The line of code below uses the *train_test_split*  to randomly split the data arrays into training and testing subsets. The inclusion of the random state parameter ensures that each time the code block is run, the kernel does not change and the randomization can be repeated. To call a new randomization, simply change the number to which the  random state is set.
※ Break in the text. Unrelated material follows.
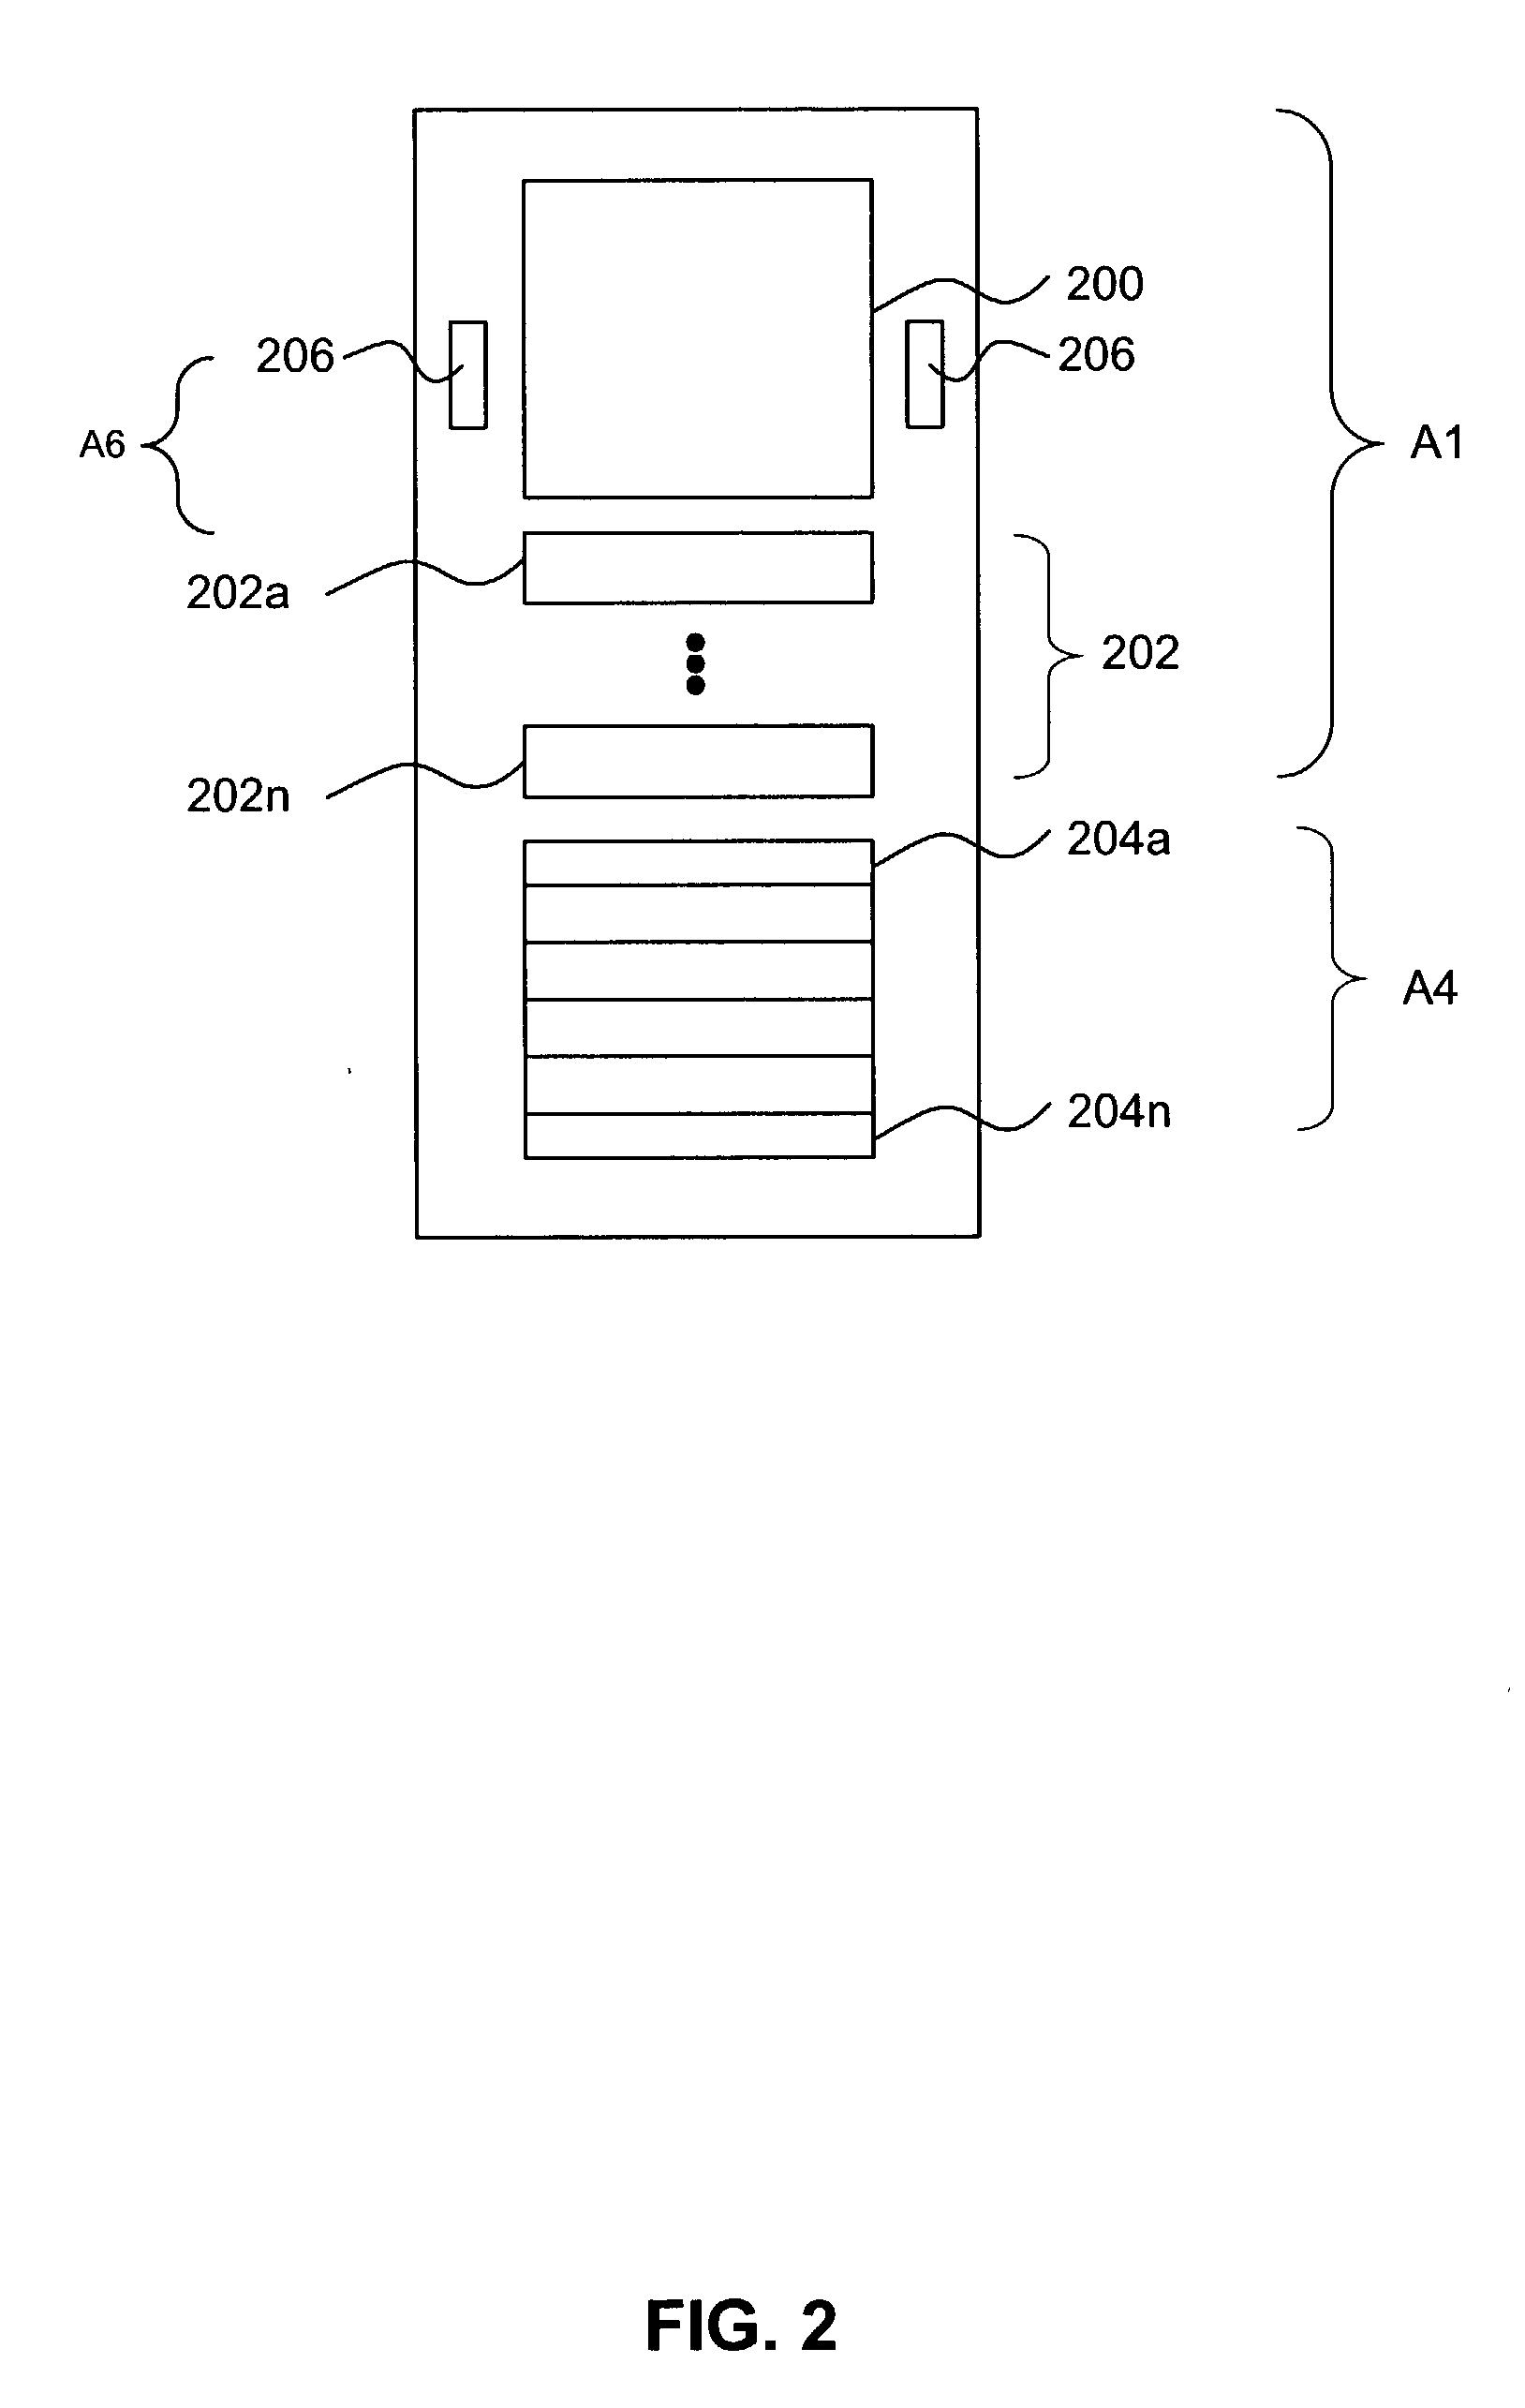 System and method to monitor materials containing smart tags to generate business intelligence

This number is functionally arbitrary; changing the number changes the randomization state so that different rows are placed in the training and testing sets for the model.

In [0]:
from sklearn.model_selection import train_test_split
ftrain, ftest, ltrain, ltest = train_test_split(dffa, dfla, random_state = 13)

The first line of code below uses the *ravel* function to transform the column vector created by dropping columns from the original dataframe into a one-dimensional array for usage in the *sklearn* functions further on. The second line of code checks that there are no null vales in the original dataframe used to create the arrays; through all the null values have been dropped in data cleaning, this is a final check prior to inputting the arrays into the modeling functions.

In [0]:
ltrain = ltrain.ravel()     # re-creates to 1d arrray from column vector
np.any(np.isnan(df))

False

The following code block implements a support vector machine for a multiple classification problem. The *SVC* function has many more parameters than those shown below; fine-tuning these parameters will ultimately yield the highest predictive accuracy. Below is a simple example of one of the many modelling options within the *sklearn* package.

In [0]:
from sklearn.svm import SVC
svmlm = SVC(C = 1000000, kernel = 'rbf', gamma = 'scale', decision_function_shape = 'ovo').fit(ftrain, ltrain)
svmpred = svmlm.predict(ftest)
svmacc = svmlm.score(ftest, ltest)
print (svmacc)

0.6251896813353566


The following code block implements a k-nearest neighbors model for a multiple classification problem. The *KNeighborsClassifier* function has many more parameters than those shown below; fine-tuning these parameters will ultimately yield the highest predictive accuracy. The *class weight* parameter is of particular interest as you can set the prediction function coefficients through the use of an array or dictionary.

In [0]:
from sklearn.neighbors import KNeighborsClassifier 
knn = KNeighborsClassifier(n_neighbors = 3, weights = 'distance', p = 1).fit(ftrain, ltrain)
knnpred = knn.predict(ftest)
knnacc = knn.score(ftest, ltest)
print (knnacc)

0.6311926605504588


This notebook has provided a methodology for data analysis and predictive model building. There are many more model types within the *sklearn* package which can be implemented for the dataset. Using the Python documentation for each model, try to maximize the prediction accuracy. Remember to use the *train_test_split* to randomly group your dataset.